Dear person living under a rock, if you have not heard of or have been watching Breaking Bad, you’re probably missing out on one of the best pieces of work — from writing to acting to directing to soul-crushing — of all time. Over ten million people can’t be wrong, right?
Well, we’re not going to force you to watch the best tv show on earth, but as the curtains drew to a close on this series, this completely unorthodox, cultural phenomenon had us thinking: Why are people crazy for this show?
Not just crazy obsessed with watching, but telling everyone they can about it and actively engaged with it as if it were a brand. A badge of honor.
Over five million Facebook fans, a waterfall of #breakingbad tweets, memes, Tumblr accounts, t-shirts, fan art, fan fiction and more. Of course this is nothing new, just go to Comic Con and you’ll see a similar fervour for these fictional worlds.
Now we’re not saying your startup or business should start a crystal meth lab to generate buzz, but there are five key lessons to be learned from the Breaking Bad craze to inspire your startup.
1. Be like nothing else out there
No, seriously. This is step one. Had you ever heard of a science teacher gone druglord as a premise of a show before Breaking Bad? So twisted.
And almost too far out there. But when it comes to standing out amongst your competition, there is something to be said about true originality. Of course, the notion of being an original is often followed by the reality that the likeliness of an absolutely unique idea is slim to none. We suggest you still try.
Even if your idea isn’t unique, you are.
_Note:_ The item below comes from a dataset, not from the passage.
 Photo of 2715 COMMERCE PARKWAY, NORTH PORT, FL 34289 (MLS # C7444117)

Literally, there is only one you. Ideas can be similar but how you execute and pitch them, can still be original. Also understand what your marketplace is already familiar with and put your differentiators on a pedestal.
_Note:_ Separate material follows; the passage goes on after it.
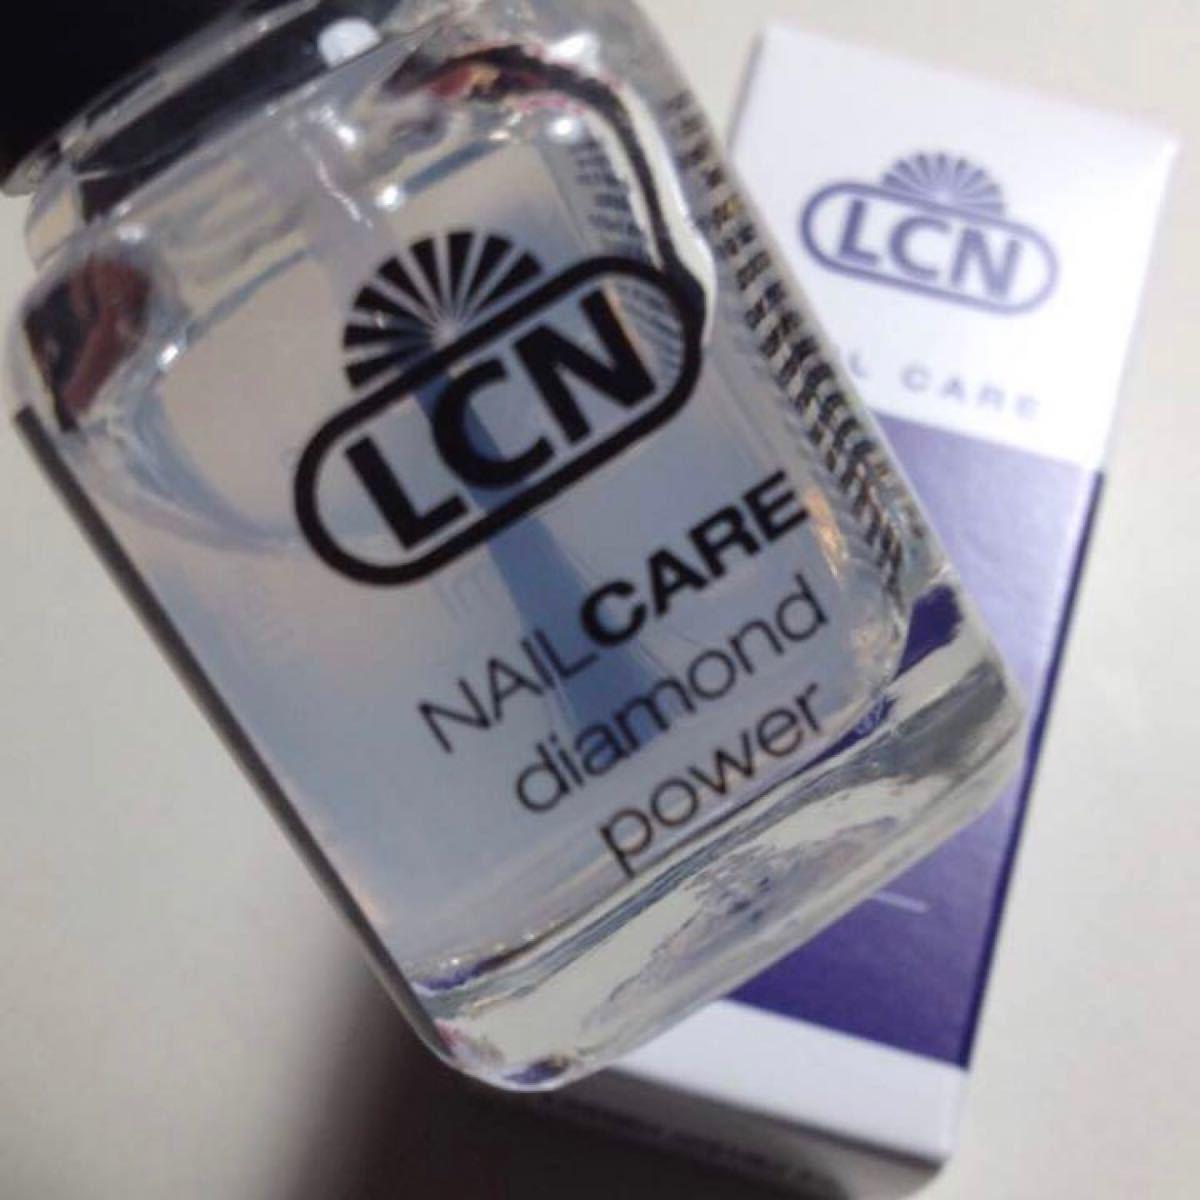 LCNダイヤモンドパワー・新品未使用未開封・ベース&トップコート兼用のコート材

What sets you apart is your mystique. No RV meth lab required.
2. Indifference Serves No One
What Breaking Bad does so insanely well is create characters that are so complex they polarize the audience. Whether you are Team Walt or Team Jesse or Team Hank or anti-Skylar or pro-Mike, Breaking Bad compels you to choose, sometimes waffle, but never do you feel indifferent. It’s virtually impossible.
When you launch your startup, iterate on your features, pivot your business model, listen to the feedback. No, better yet, invite feedback. Positive and critical. Indifference is a startup killer and being a victim, sucks.
Some startups make the decision to perfect their product or service in a vacuum before making it available to the public. Just like Breaking Bad doesn’t spoon feed you easy-to-digest characters or storylines, to engage people you should push them to think critically and spark a reaction.
There is no such thing as a perfect product and having people tell you what they think should be considered help, not harm.
3. Compel Conversations
If you have ever met a Breaking Bad fan, you know it almost immediately. Why? Because they will tell you. It’s almost a compulsion, and according to this Family Guy clip, it might even be a hypnotic spell.
Not a practising hypnotherapist? Your startup can still stir conversation by the content it creates and the stories it tells. Take, for instance, e-commerce platform Shopify. They balance their technical content (like SEO, payment systems etc) with very, relatable human-based content. It’s not just about the technology, it’s about the people behind it and the ones using Shopify to create even more stories that inspire others.
This is the stuff people can’t help but share.
4. Be accessible and appreciative
This lesson is not about the actual show but the promotion of the show as well as the cast and creator. If you follow all things Breaking Bad (like us), you won’t be hard pressed to find countless of examples of how the people behind the show pay their respects to their fans.
For instance, actor Aaron Paul (who plays tortured Jesse Pinkman on the show) coming out to say hello to a celebrity tour trolley of fans or thoughtfully answering an AMA on reddit. Or how incredible is Bryan Cranston walking around Comic Con, completely unnoticed, in a Bryan Cranston (or Walter White) mask? Playing the same game as the crowd he is in and causing a hilarious ripple effect that did not go unnoticed. Cool factor: off the charts.
The point is, be approachable and open. Talk to people like you have been listening. Tell your customers and followers you appreciate them and find ways to show them. People tune in for the characters, sure, but the admiration and respect continues beyond the script.
5. Dispel the myth of “magic sauce”
Take one part terminally ill man, add one lost kid from the wrong side of the tracks, mix well until you get the most sought after drug ever to hit the state of New Mexico and presto! You have the formula for the best show to hit the tube.
Sorry friends, if you’re looking for formulas for success, you are already doing it wrong. Vince Gilligan, the creator of Breaking Bad, could never have known its cultural impact until he went for it. Even at the beginning, the show was a critical darling but had not yet snowballed into its current success. He could not have predicted the impact of having the show available on Netflix for the millions who binged on episodes but never tuned in to the original broadcast.
All these milestones in the Breaking Bad journey do not begin with knowing what would work and what wouldn’t. As a startup, or even just as a person, you just have to give up on guarantees and just try.
Anything that is worth it, is probably a risk. It’s trite but true. This is one lesson that won’t fade into the abyss, even when our favourite show does.
Goodbye Breaking Bad, it’s been a slice.